DATA SECTION ::
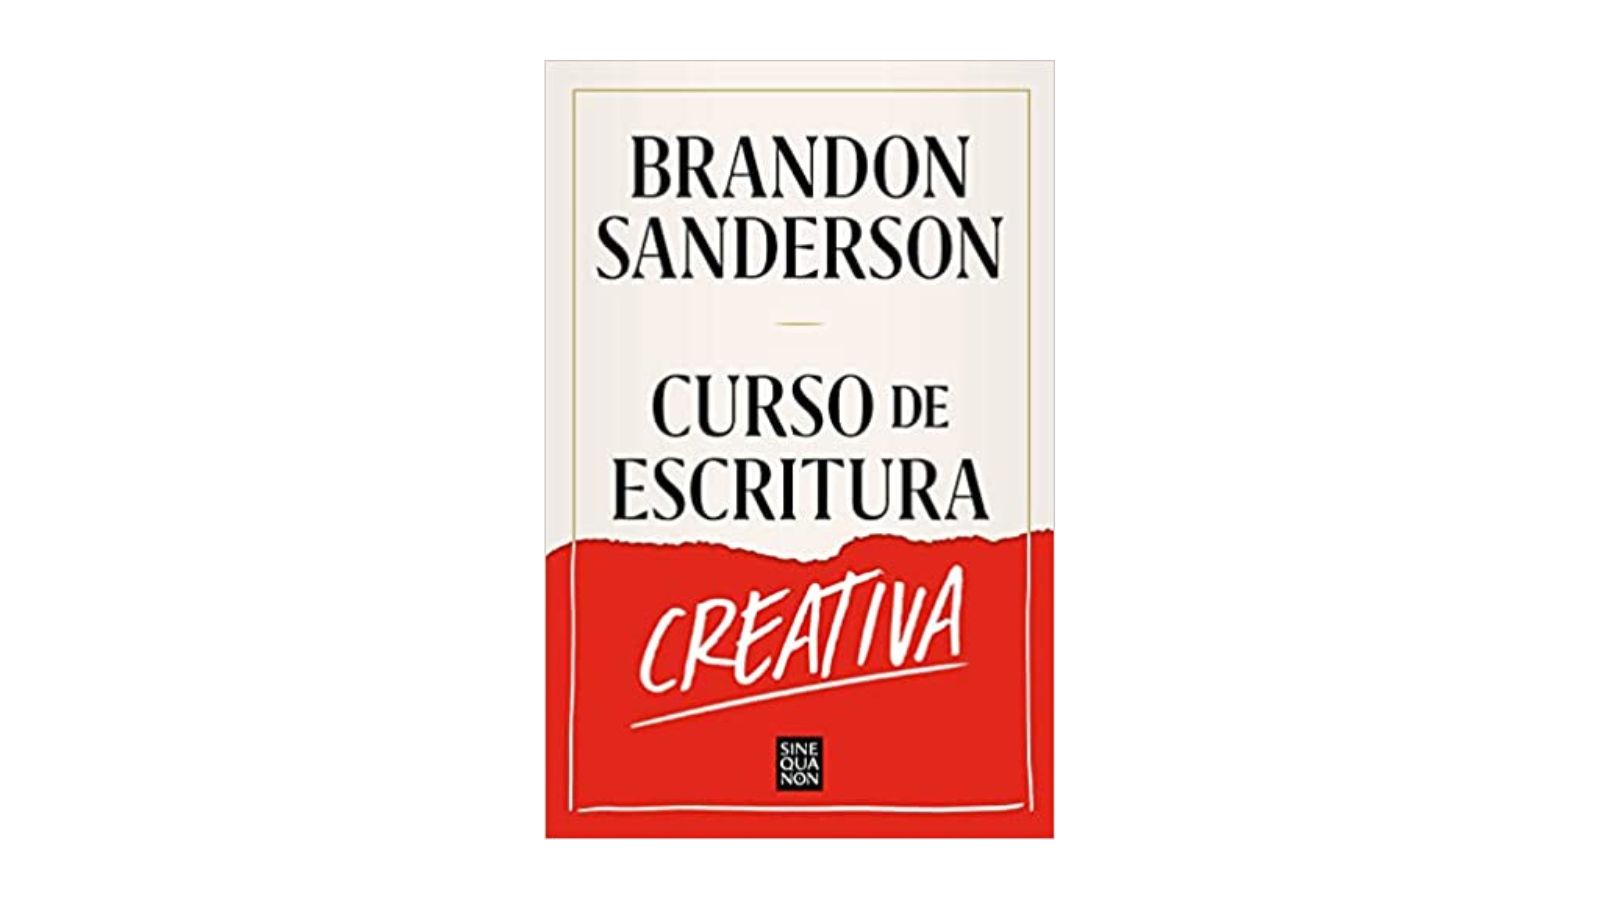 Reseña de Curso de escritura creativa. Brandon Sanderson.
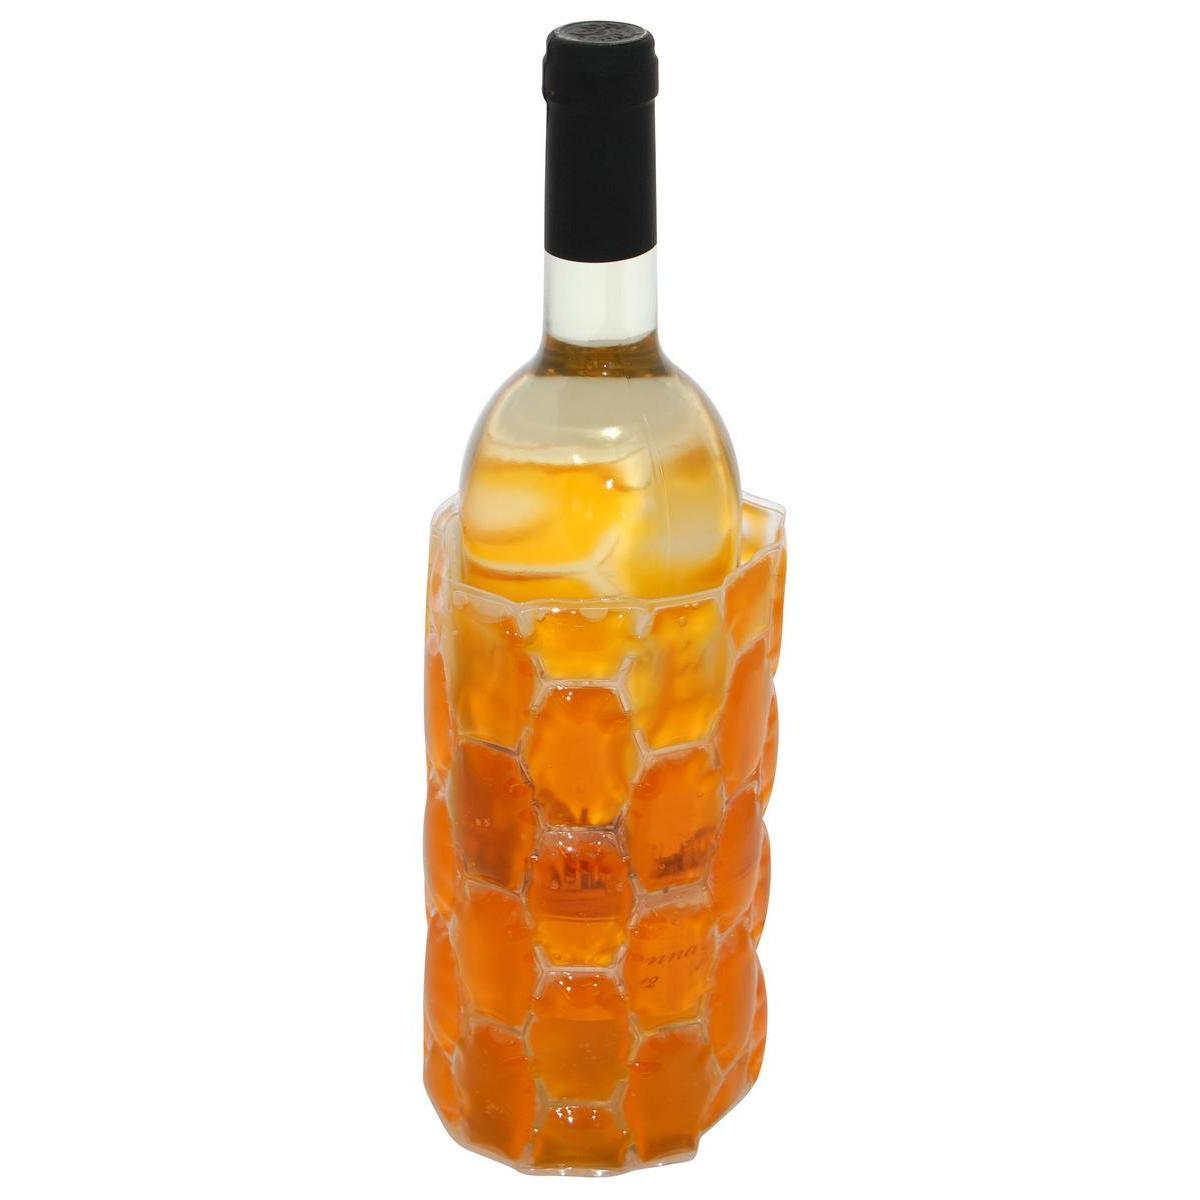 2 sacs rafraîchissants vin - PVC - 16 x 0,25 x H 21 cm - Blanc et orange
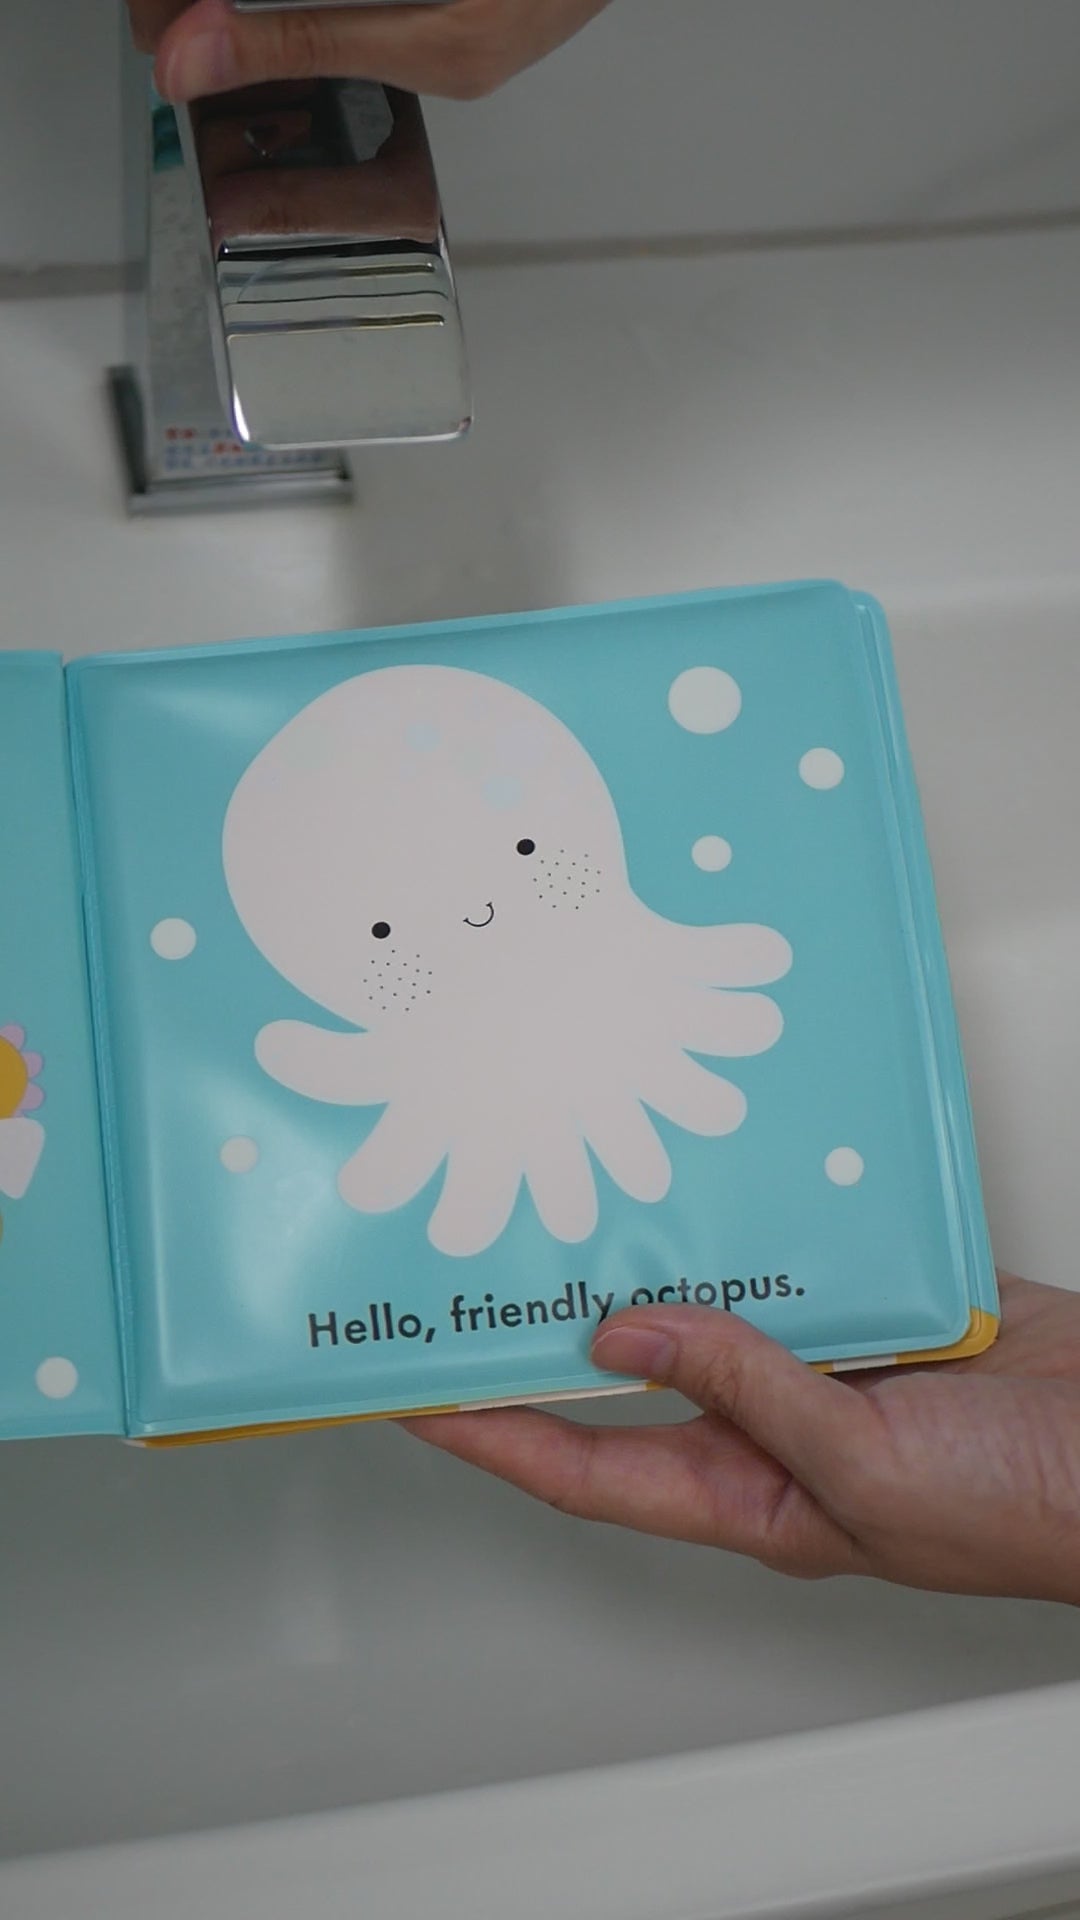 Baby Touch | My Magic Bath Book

WHAT THIS TASK INVOLVES :: Copy out the listing above exactly, and keep the pictures out of it.

SOLUTION FOR THIS EXERCISE ::
 Reseña de Curso de escritura creativa. Brandon Sanderson.
 2 sacs rafraîchissants vin - PVC - 16 x 0,25 x H 21 cm - Blanc et orange
 Baby Touch | My Magic Bath Book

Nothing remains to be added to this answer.